**What is needed**: Your copy should match the listing below exactly, except that it holds no images.

Stored data section start

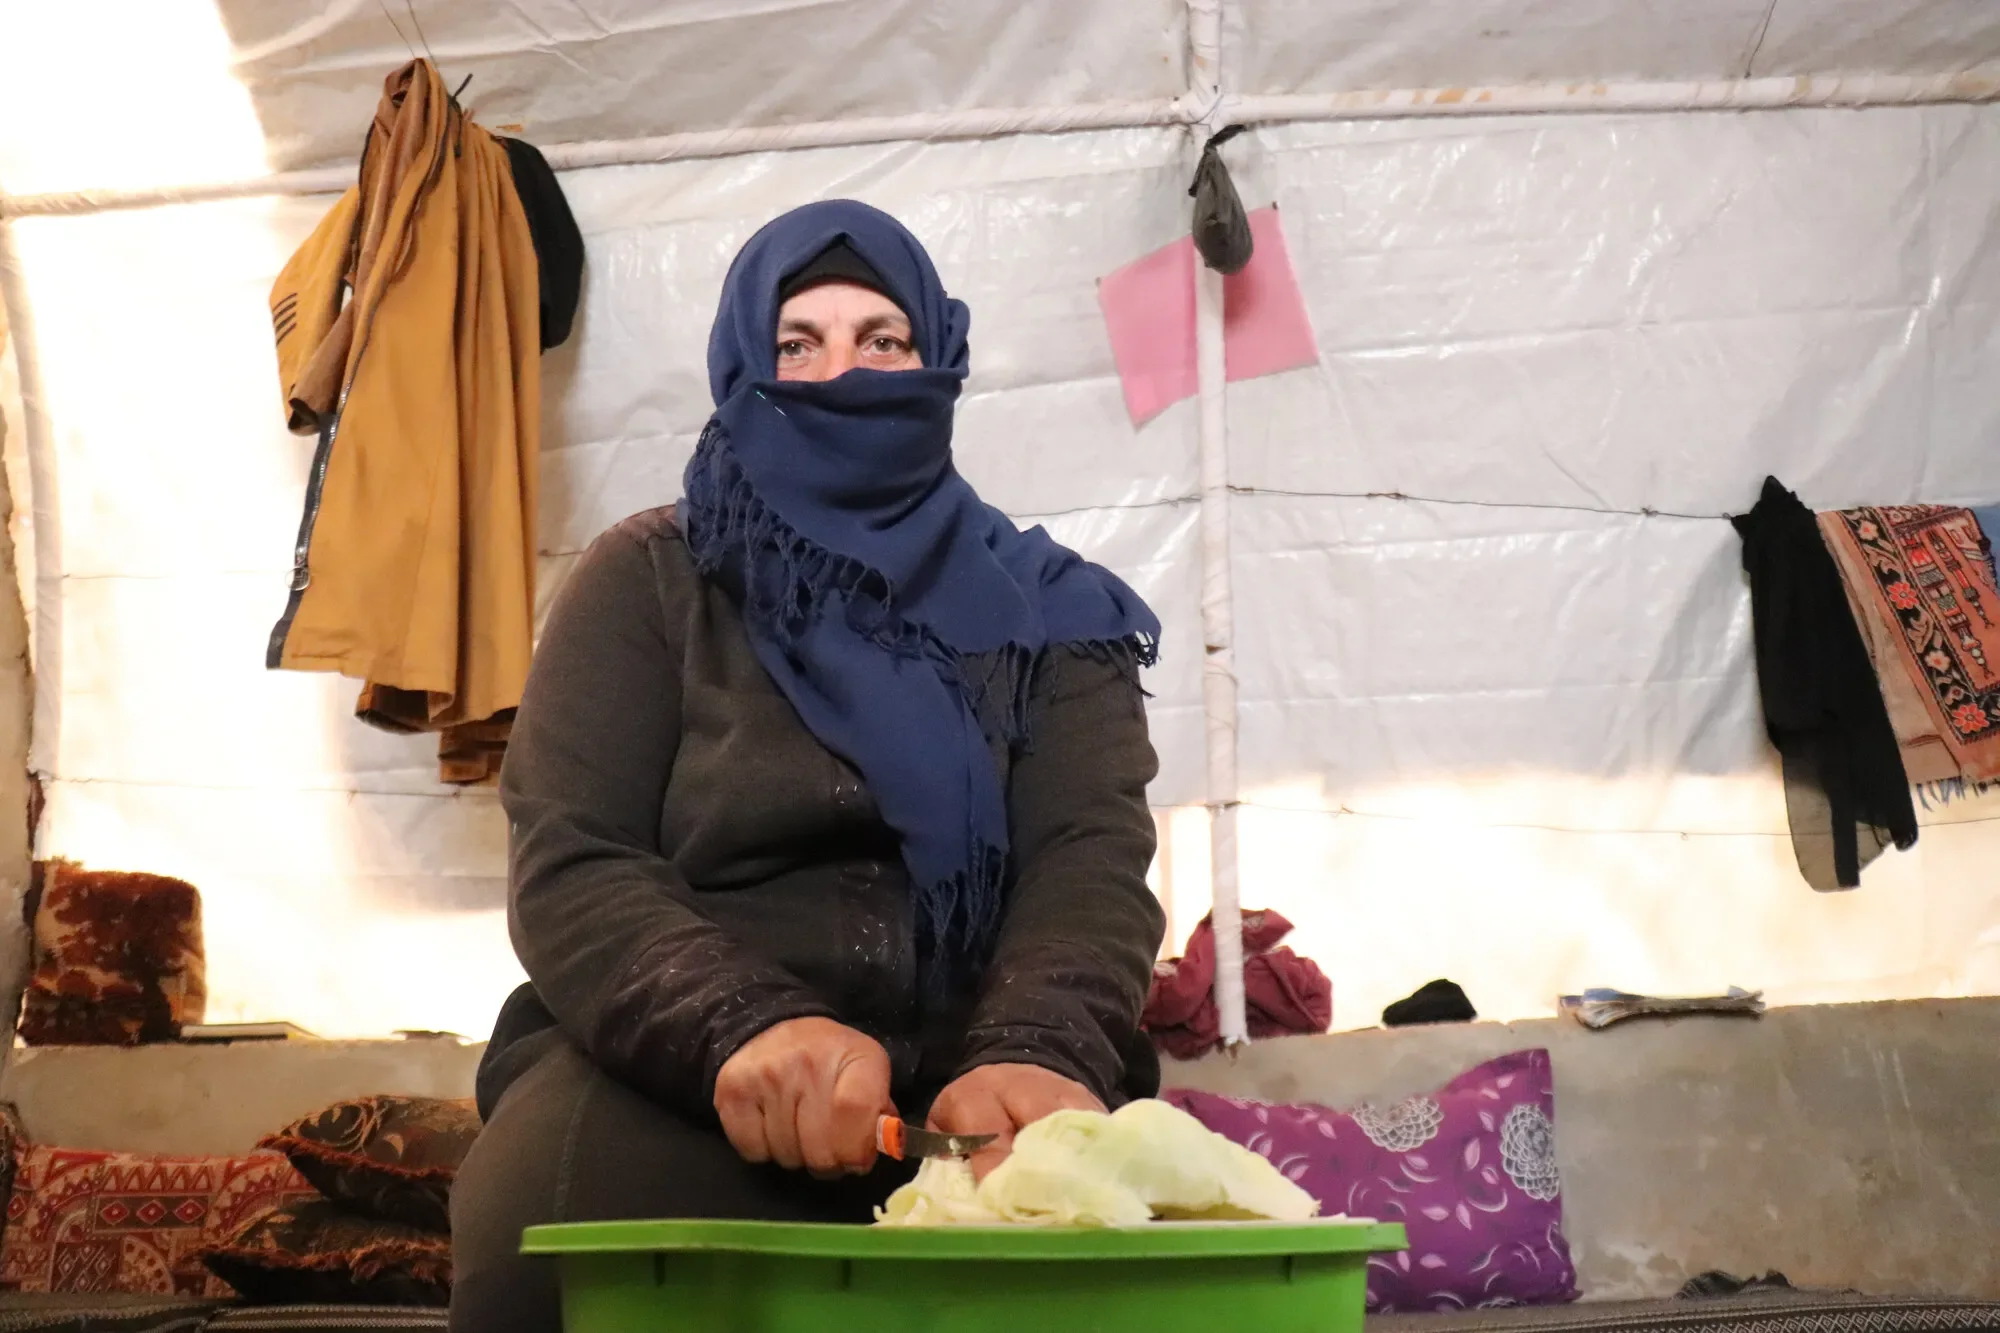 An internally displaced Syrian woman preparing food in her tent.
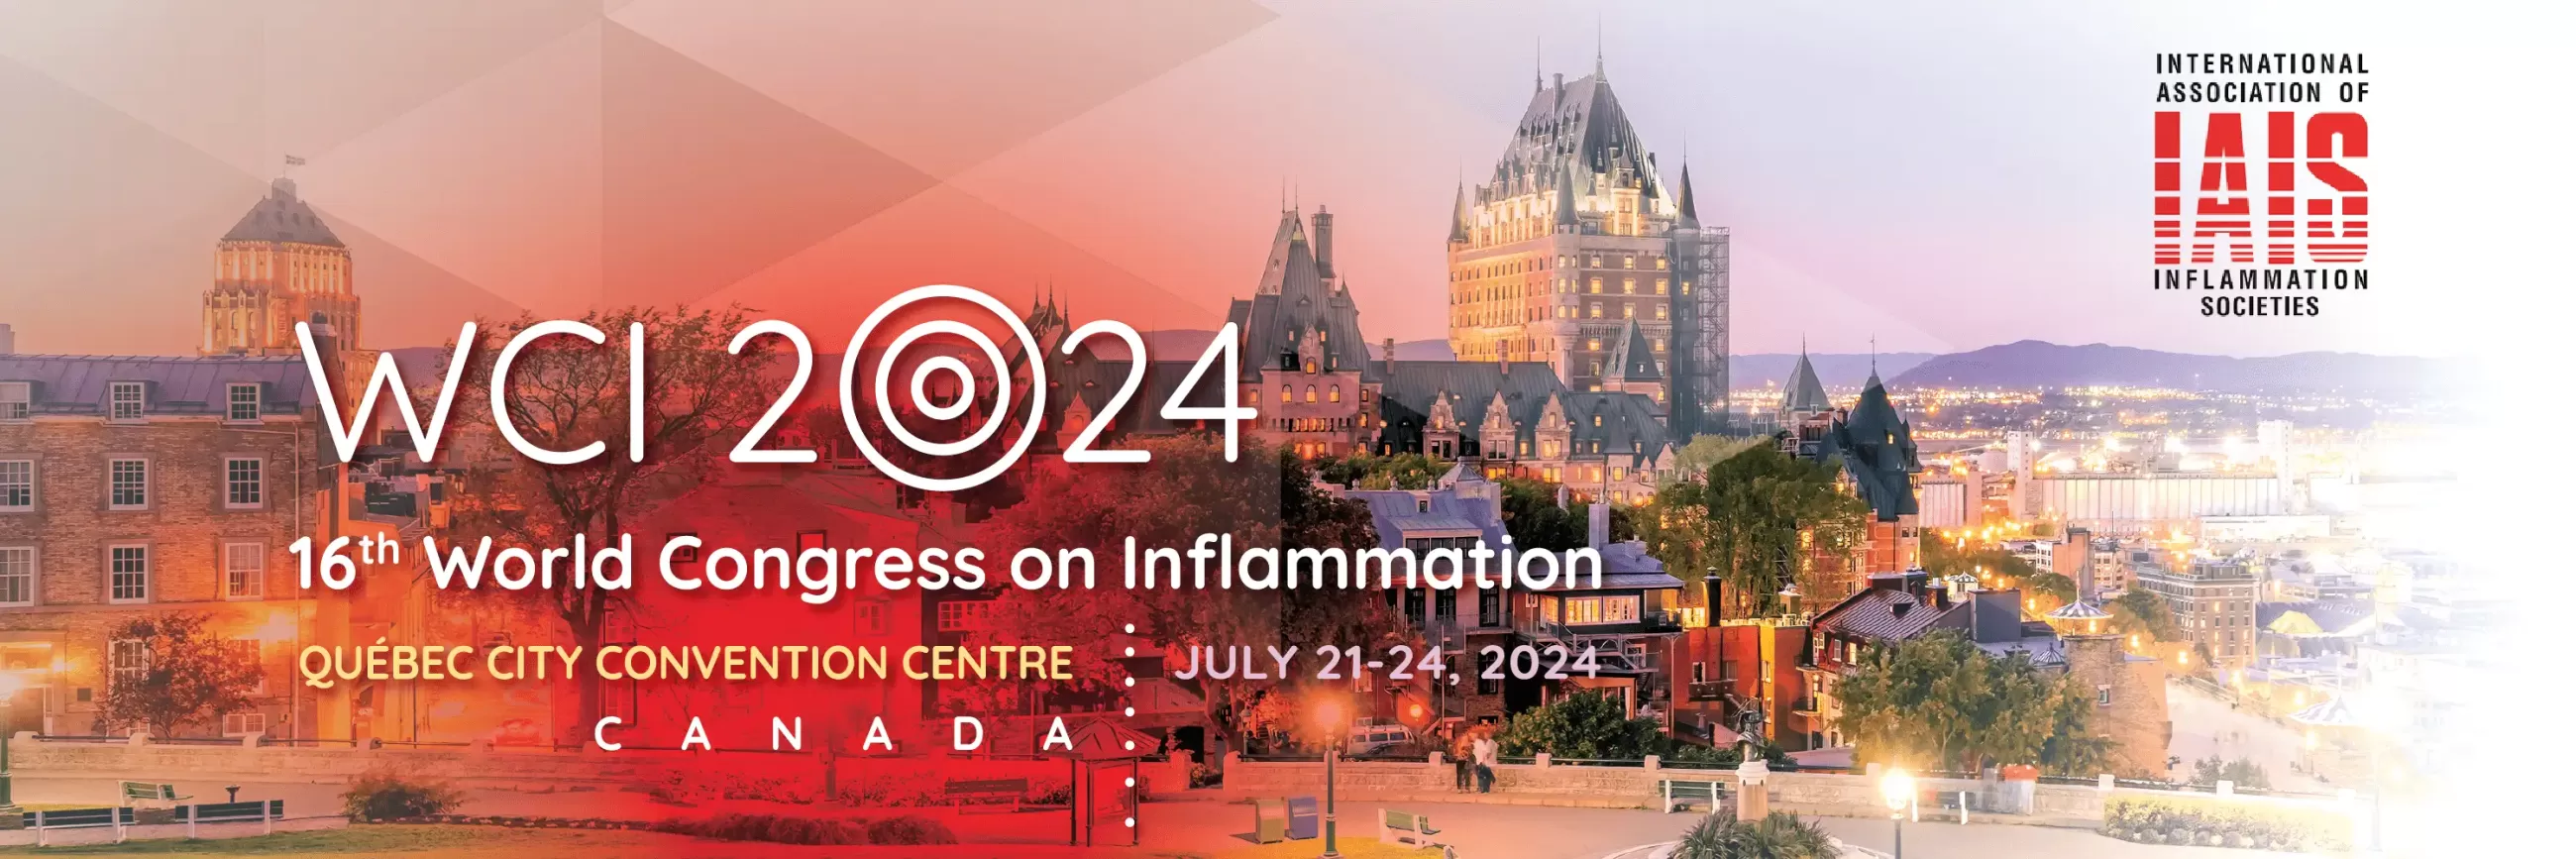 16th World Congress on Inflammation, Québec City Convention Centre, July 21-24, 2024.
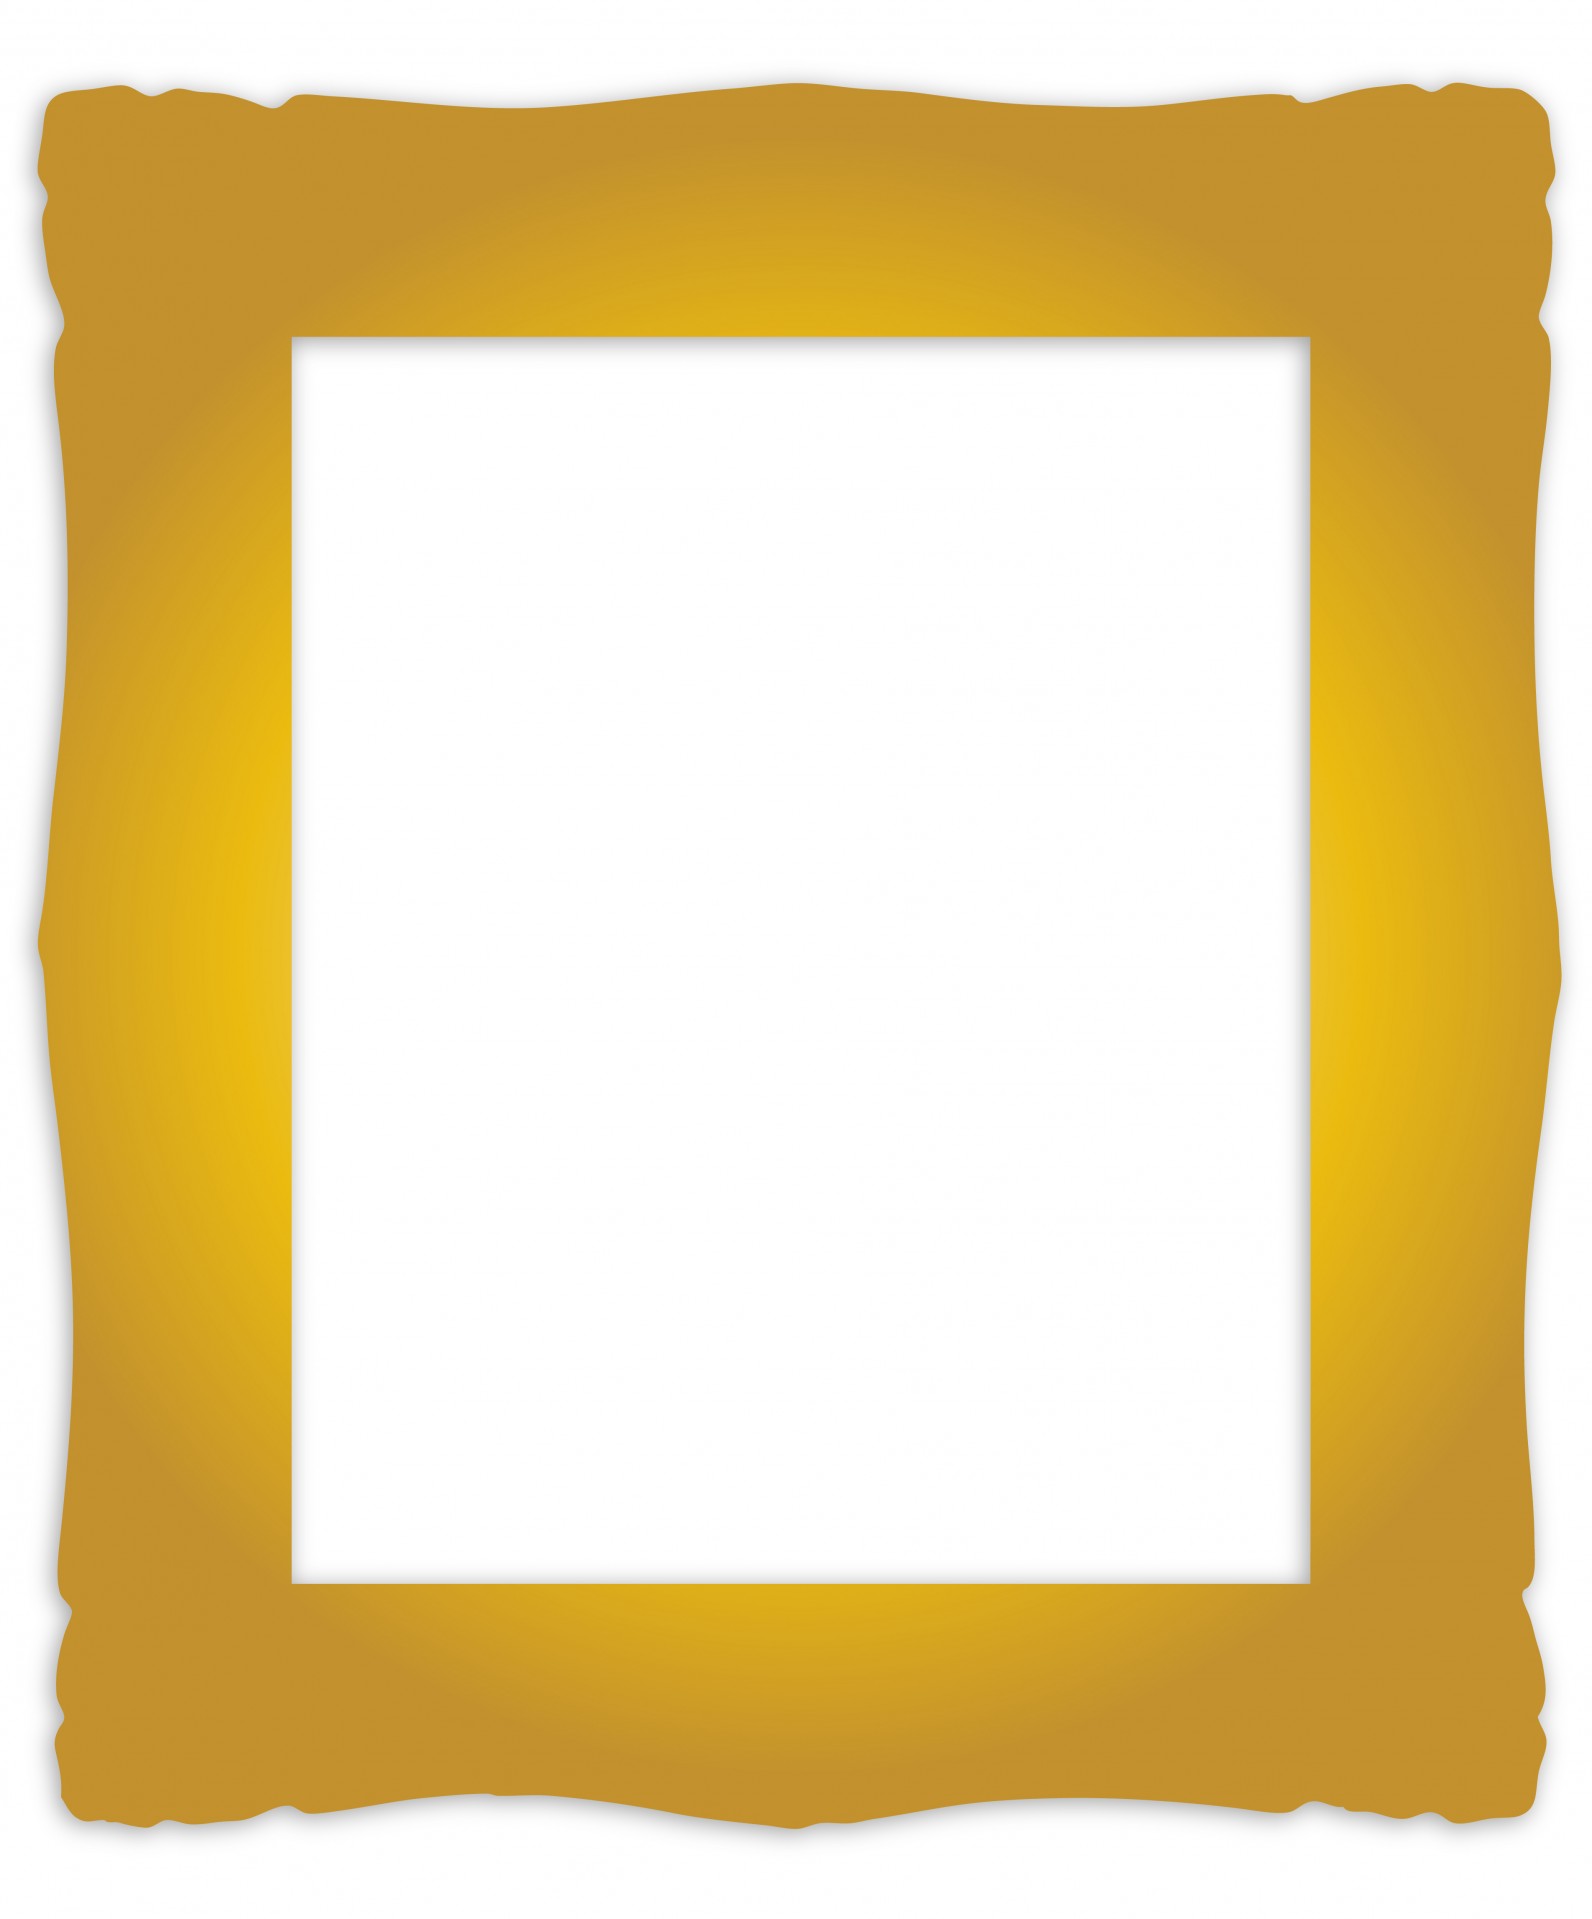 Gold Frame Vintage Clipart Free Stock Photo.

Stored data section end

**Expected answer**:
 An internally displaced Syrian woman preparing food in her tent.
 16th World Congress on Inflammation, Québec City Convention Centre, July 21-24, 2024.
 Gold Frame Vintage Clipart Free Stock Photo.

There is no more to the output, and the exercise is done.